Она резко вырвалась, изо всех сил оттолкнула меня. Я заглянул ей в глаза, и мне стало страшно: не полыхала ли в них снова ненависть? Та ненависть, которая шла рядом с нами, солдатами, до самой Волги? Бушевало ли в ней оскорбление? Обида юного существа, чьи чувства не приняты всерьез? Все случившееся было невероятным, ни с чем не сравнимым. Я думал только, что, как бы я ни поступил, в любом случае все будет ошибкой. Я только слышал, как она крикнула мне и раз, и два, и три: «Дурак! Дурак!»

По пути в лагерь, проходя домик охраны, я почувствовал кровь на верхней губе. Мне вспомнилась моя школа в Нидерзее до войны, учитель, которого мы наградили не очень приличным прозвищем. Он явно невзлюбил меня; чаще, чем другим, давал подзатыльники. Как–то раз он заставил меня боксировать с сыном рабочего–лесника, здоровым парнем, возвышавшимся надо мной на целую голову. Он тогда здорово избил меня, после чего на губе у меня остался рубец. Дорога домой вела через речку, наверное, это был просто ручеек, в котором мы, мальчишки, нередко устраивали рыбную ловлю с самодельными гарпунами, длинными палками с приделанными к ним обычными столовыми вилками. Вот и в тот день мы разожгли небольшой костер и жарили на нем рыбешек. В зеркале лениво текущего ручейка я разглядывал свою физиономию и смывал с губ кровь.

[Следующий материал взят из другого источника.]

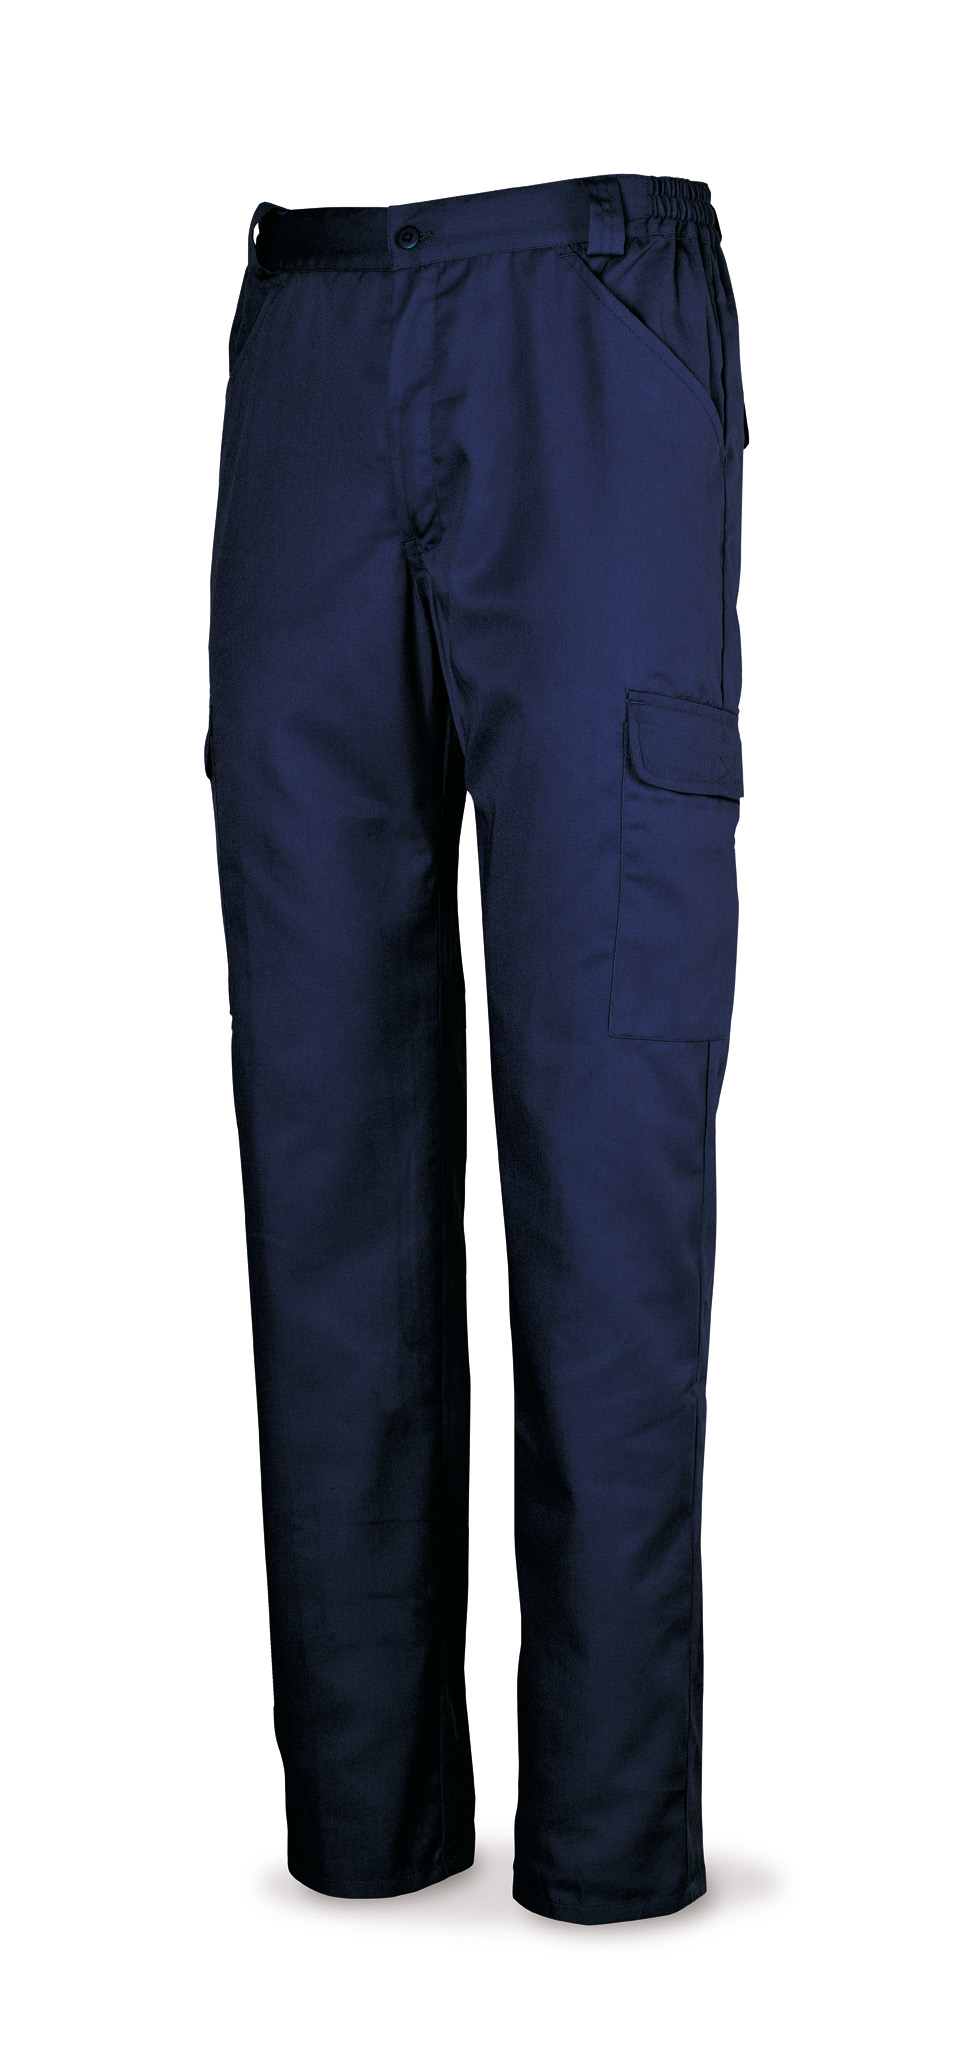 388-PAM Vestuario Laboral Serie Básica Pantalón azul marino tergal 200 g. Multibolsillos.

Слава Богу, далее ничего не последовало. Мне пришлось найти для Тамары в нашем лагере учителя музыки. С задачей успешно справился один наш приятель Г. из Эшвайлера.

В тех обстоятельствах беседы втроем с Болониным и Радченко носили характер почти что заговора. Чистосердечно глядя мне в глаза, они уверяли меня, что оба коммунисты. Но это как–то не очень убеждало меня. Шли месяцы, Радченко регулярно снабжал меня сатирическим журналом «Огонек», изданием в своем роде единственным. Если инженер меня не заставал, он оставлял журнал дежурному офицеру с просьбой передать его мне как можно скорее. Некоторые статьи мы потом долго обсуждали. У них было некое единое видение мировой ситуации. Вторая мировая война была давно закончена, уже три года тому назад. Американцы — в этом у них не было ни тени сомнения — рвутся к мировому господству. Но у них, русских, свои представления на этот счет. «Война — капут!», она осталась позади. Через три — пять лет у Германии будет свое правительство, а ее значение в мире будет из года в год возрастать.

Они в несколько завуалированной форме передавали через меня своего рода послание на родину: тесное сотрудничество Советского Союза и Германии пойдет на пользу обоим народам. Они часто говорили: «Приходите снова друзьями». Это же, впрочем, нередко повторяли простые русские в разговорах с военнопленными. Ненависть военных лет растворялась в надеждах на совместное будущее. Вновь и вновь слышалось: Россия и Германия в союзе — это изменит мир, будет на пользу всему миру.

[Временами у меня складывалось впечатление, что они даже доверяли мне своих дочерей и даже позволили бы увезти их в Германию, все равно кого, настолько пришелся им по нраву я, пленный офицер, который так хорошо владел их языком и был почти одним из них. Но может быть, в тогдашнем моем положении это было лишь ошибочное, совершенно неправильное представление? Может быть, надежда на то, что все когда–то хорошо закончится, в том числе и этот плен?

Когда в начале марта 1949  г. солнце побаловало север Восточной Пруссии первым теплом, а мы снова пили чай втроем у Болонина, оба всерьез взялись за меня. «Ты скоро снова будешь в Германии, — сказал Болонин. — Тебе надо выполнить поручение. Ты не дурак. Если у вас снова будет правительство, тебе надо будет рассказать о впечатлениях, которые ты у нас получил, о своем личном опыте. Тебе надо это сделать, рассказать правду — это в интересах твоей страны. А мы хотим мира с вами, сотрудничества, дружбы, понимаешь ты, как у нас здесь! Дружбы. Ты должен попытаться связаться с теми, кто у власти, и сказать им, что необходимо в интересах наших стран». «Но, — возразил я, — я ведь не коммунист». «Ну что ты за чушь несешь? — сказал Болонин. — Ты должен приехать к себе на родину демократом. Не надо тебе становиться коммунистом, дубина ты этакая!» «Черт возьми!»